Updated Now using XML class from Norconex Commons Lang for loading/saving configuration.
Updated User-Agent no longer set directly on crawler config. It can be set on IHttpFetcher implementations that support it.
Updated Now using SLF4J for logging.
Updated HtmlLinkExtractor (and DOMLinkExtractor) now extracts all attributes of referrer links and adds them to the target document metadata.
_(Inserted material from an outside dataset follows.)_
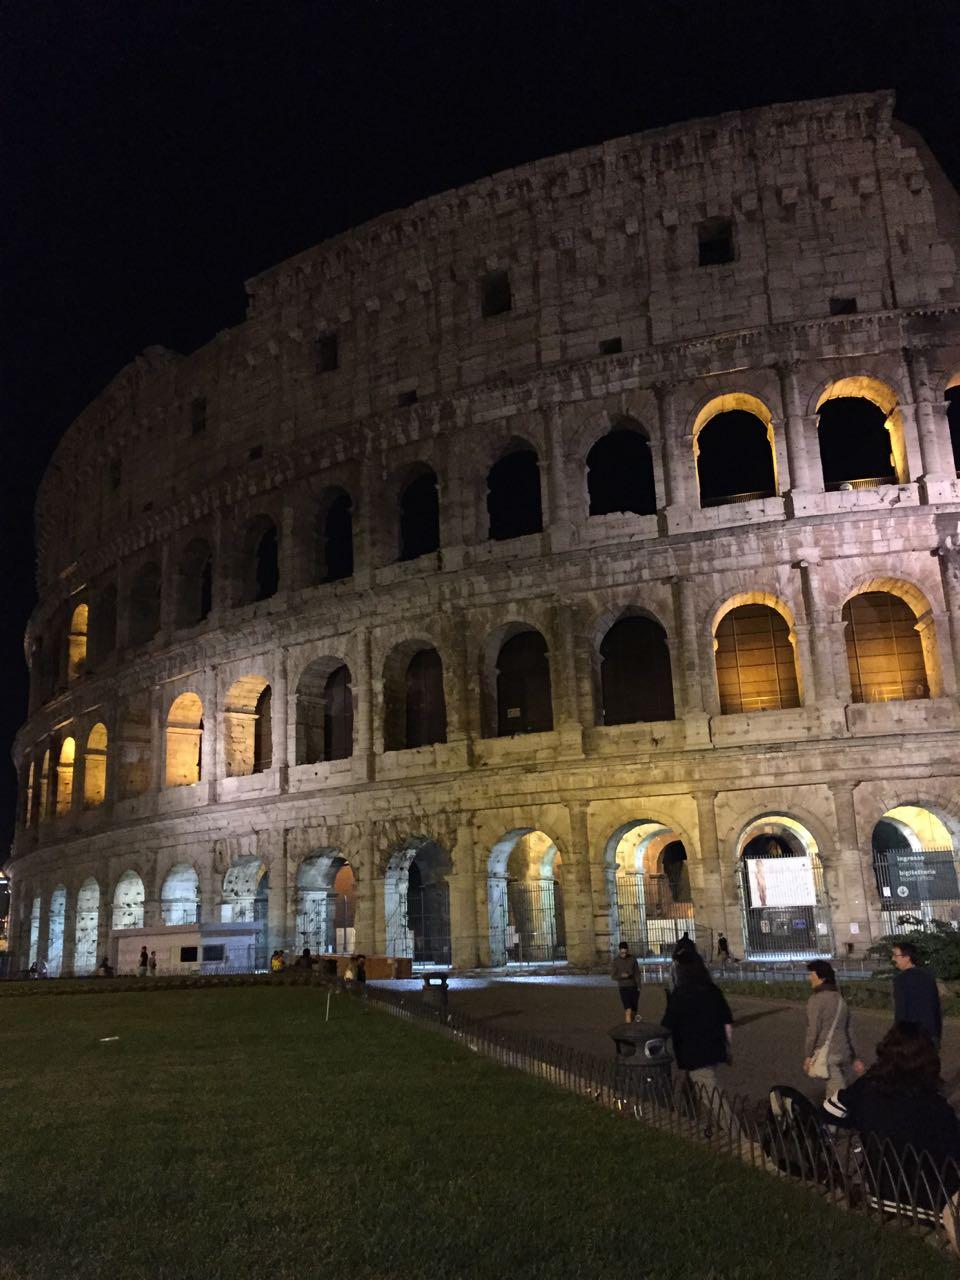 1FTtravel Rome - Colosseo Celio - Lazio, May 19, 2015 - 1 of 4

This can be disabled with the #setIgnoreLinkData() method. #668
Updated Dependency updates: Norconex Collector Core 2.0.0, Jetty 9.4.12.v20180830.
Updated Now requires Java 8 or higher.
Updated Lists are now replacing arrays in most places.
Updated Path is used in addition/instead of File in many places.
Updated Default working directory structure has been improved.
Updated Improved handling of "trustAllSSLCertificate" in GenericHttpFetcher by auto-accepting/storing certificates. #592
Updated Dates handling now consider the zone.
Updated Can now control whether to store as metadata all extracted links, just in-scope ones, out-of-scope, both, or none.
Updated Link extractors and canonical URL classes are now in their own distinct packages.
Updated GenericLinkExtractor renamed to HtmlLinkExtractor.
Updated Sitemap information now stored in the new data store engine as opposed to its own storage mechanism.
Updated URLStatusCrawlerEventListener now saves as CSV instead of TSV.
Updated HttpCrawlerEvent now only holds HTTP crawler event names. Crawler events are now all of CrawlerEvent type.
Removed Removed some code deprecated in releases before 3.0.0.
Removed IHttpClientFactory, IHttpDocumentFetcher, and IHttpMetadataFetcher and implementations were removed in favor of IHttpFetcher and GenericHttpFetcher.
Removed Removed "data" package (and its classes) in favor of new classes in "doc" package.
Removed JDBC crawl store implementation has been removed in favor of NoSQL only (MVStore + MongoDB).
Removed ISitemapResolverFactory removed in favor of ISitemapResolver.
Removed Removed HttpCollectorEvent (now relying on CollectorEvent only).